All of this will overshadow the real significance of the report, which is that almost nothing has changed over the last year. Indeed, these conclusions could be, almost word for word, the conclusions of reports from 2008. This is a limbo in which Iran is neither culpable of definite violations of the NPT through pursuit of weaponry rather than civilian energy nor exonerated with full inspections of the IAEA of its research and production facilities.

Implementation of the NPT [Non-Proliferation] Safeguards Agreement and relevant provisions of Security Council resolutions 1737 (2006), 1747 (2007), 1803 (2008), and 1835 (2008) in the Islamic Republic of Iran

Report by the Director General
....
26. The Agency continues to verify the non-diversion of declared nuclear material in Iran.
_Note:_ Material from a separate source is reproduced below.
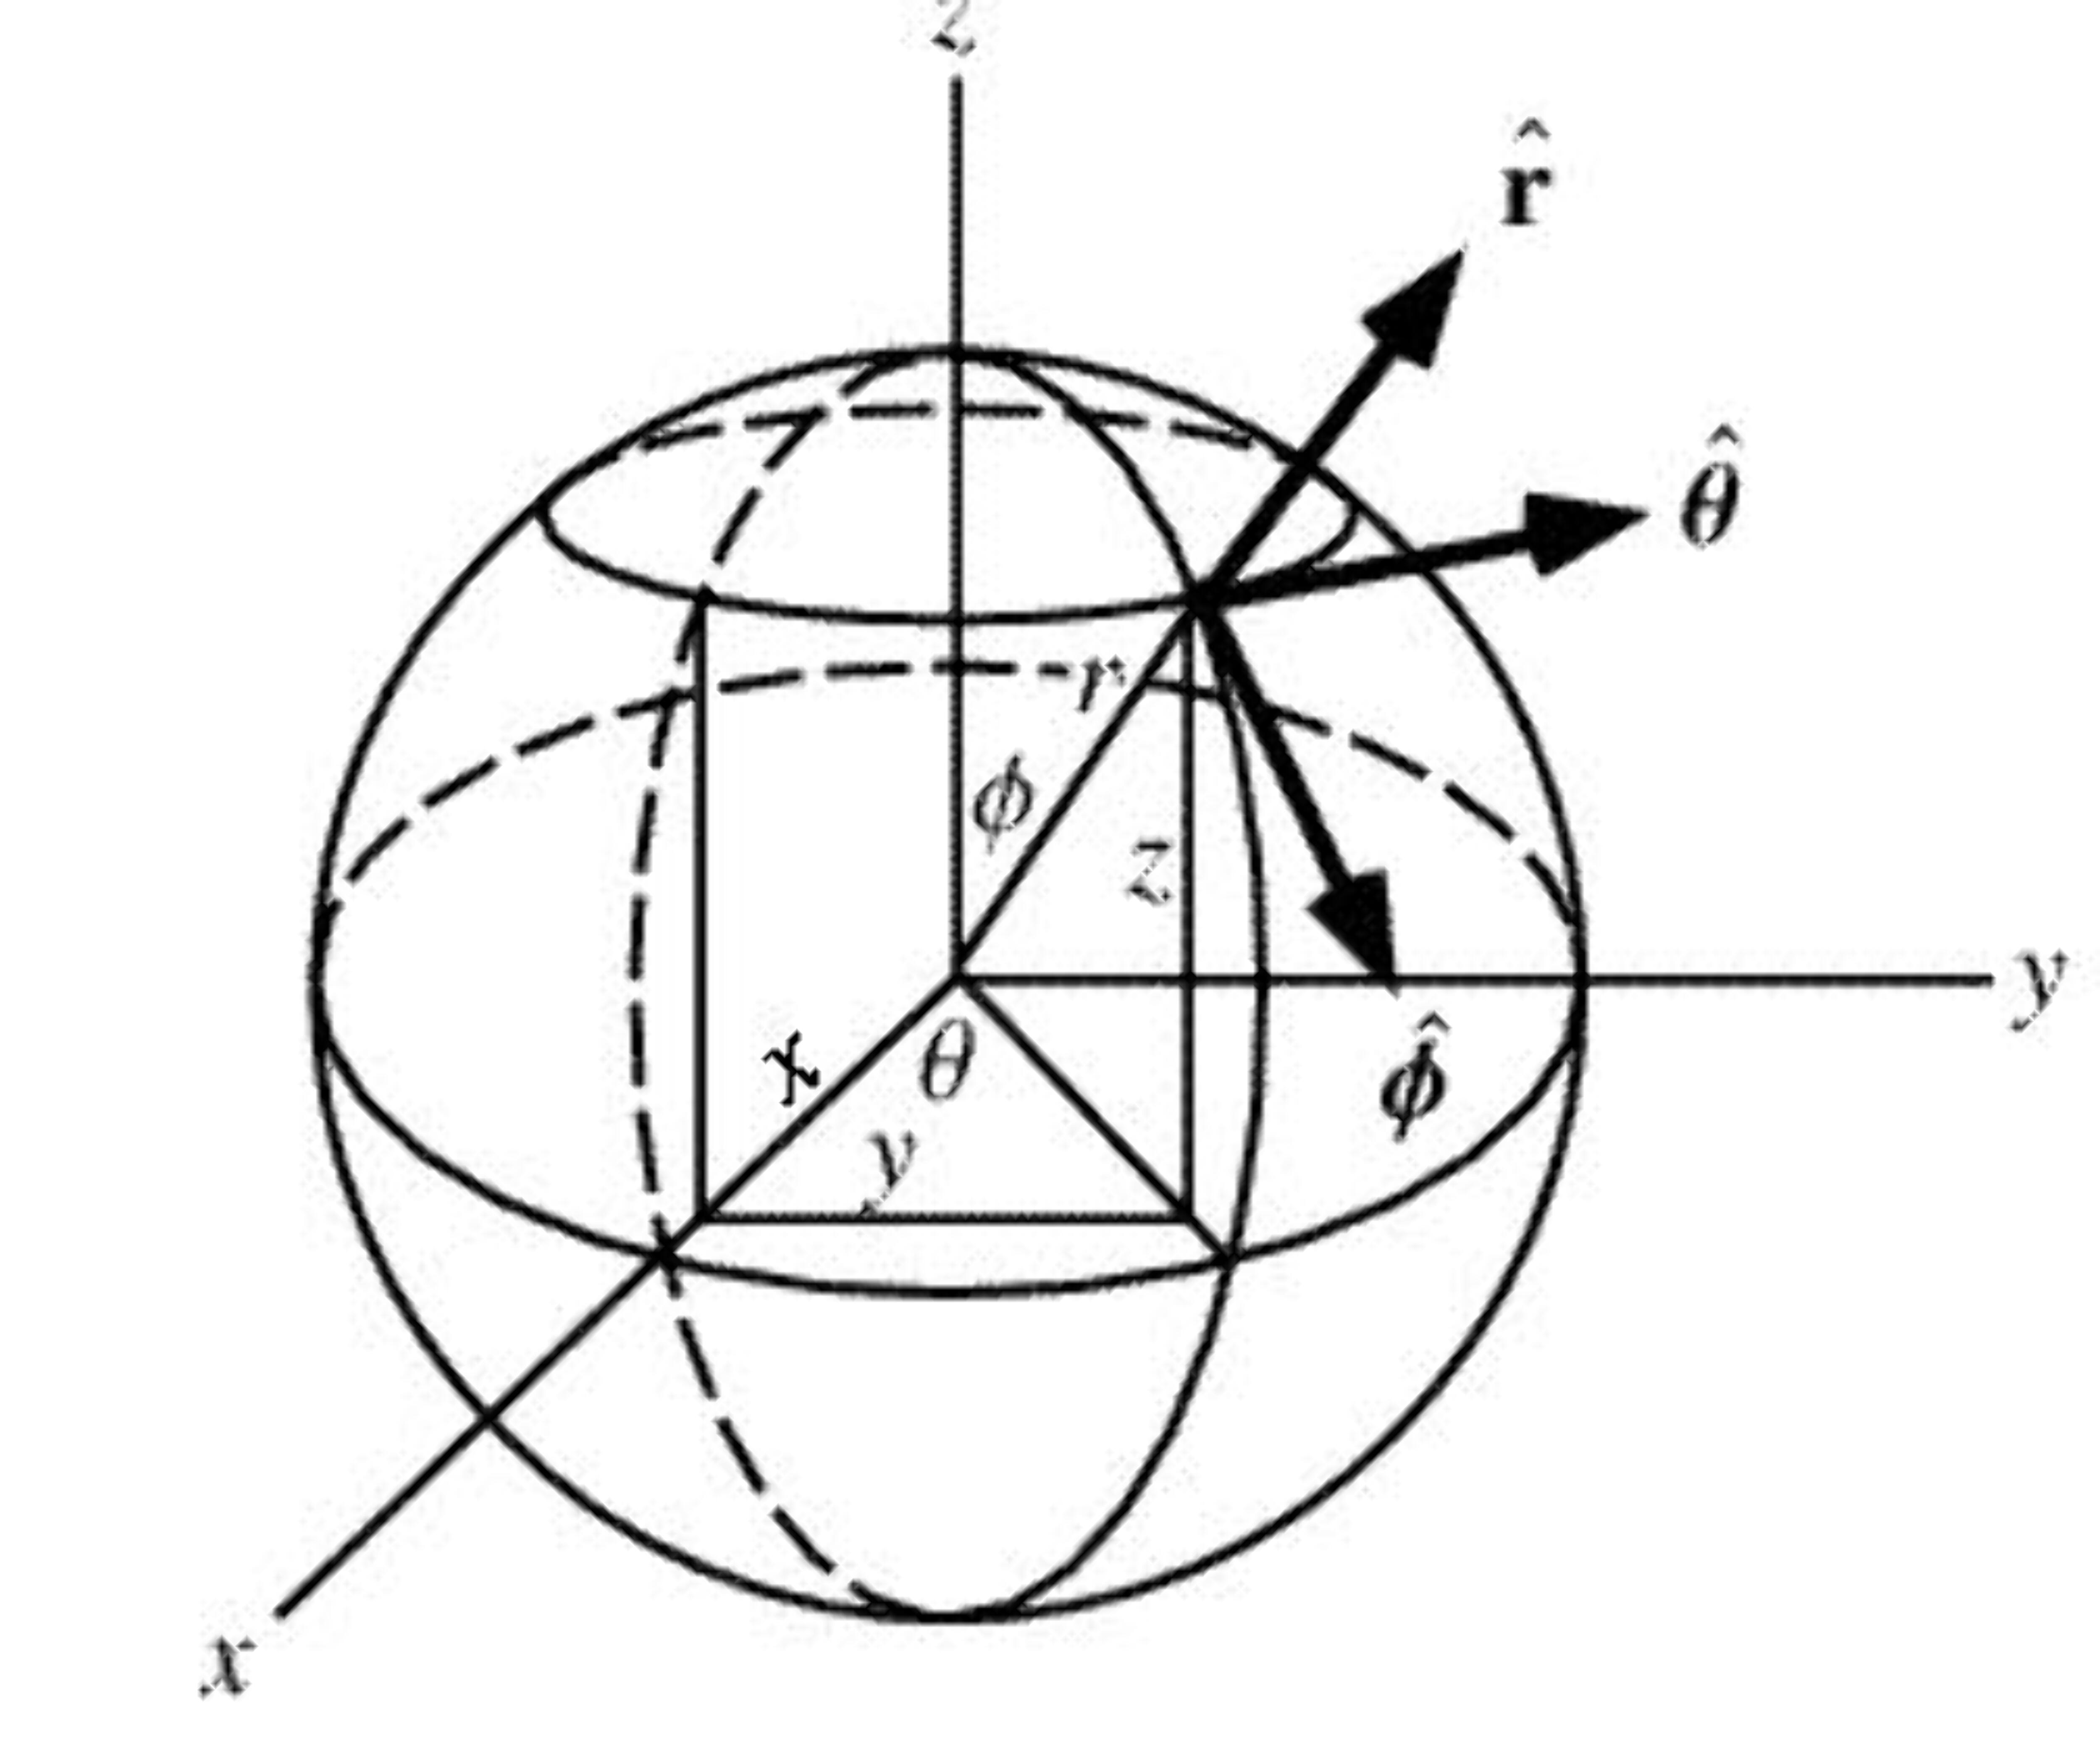 converting-from-cartesian-to-spherical

Iran has cooperated with the Agency in improving safeguards measures at FEP and in providing the Agency with access to the IR-40 reactor for purposes of design information verification. Iran has not, however, implemented the modified text of its Subsidiary Arrangements General Part, Code 3.1, on the early provision of design information.
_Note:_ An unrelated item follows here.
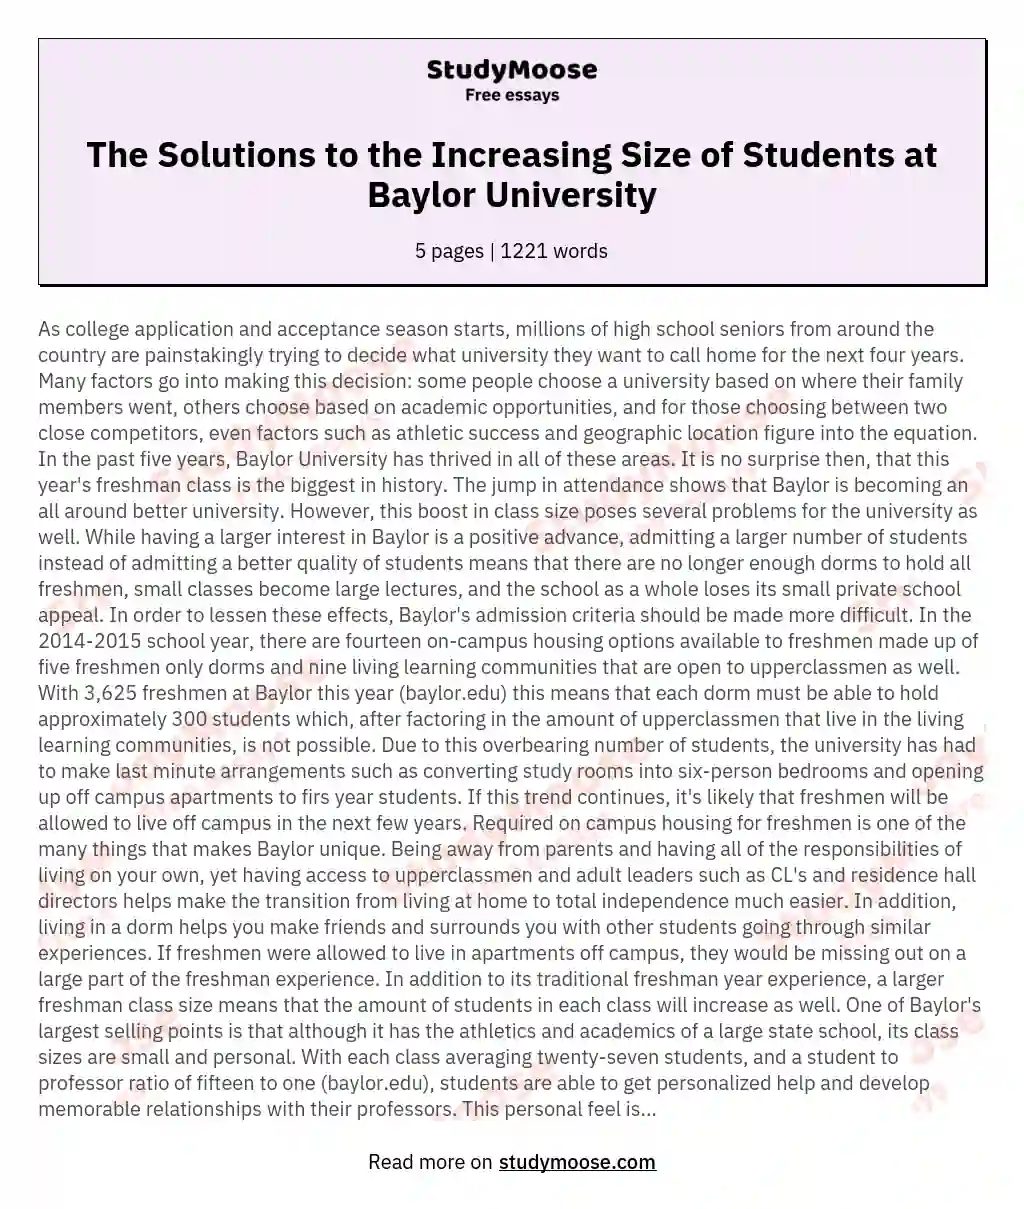 The Solutions to the Increasing Size of Students at Baylor University

27. Iran has not suspended its enrichment related activities or its work on heavy water related projects as required by the Security Council.

28. Contrary to the requests of the Board of Governors and the Security Council, Iran has neither implemented the Additional Protocol nor cooperated with the Agency in connection with the remaining issues of concern which need to be clarified to exclude the possibility of military dimensions to Iran’s nuclear programme. Regrettably, the Agency has not
been able to engage Iran in any substantive discussions about these outstanding issues for over a year. The Agency believes that it has provided Iran with sufficient access to documentation in its possession to enable Iran to respond substantively to the questions raised by the Agency. However, the Director General urges Member States which have
provided documentation to the Agency to work out new modalities with the Agency so that it could share further documentation with Iran, as appropriate, since the Agency’s inability to do so is rendering it difficult for the Agency to progress further in its verification process.

29. It is critical for Iran to implement the Additional Protocol and clarify the outstanding issues in order for the Agency to be in a position to provide credible assurance about the absence of undeclared nuclear material and activities in Iran.

30. The Director General will continue to report as appropriate.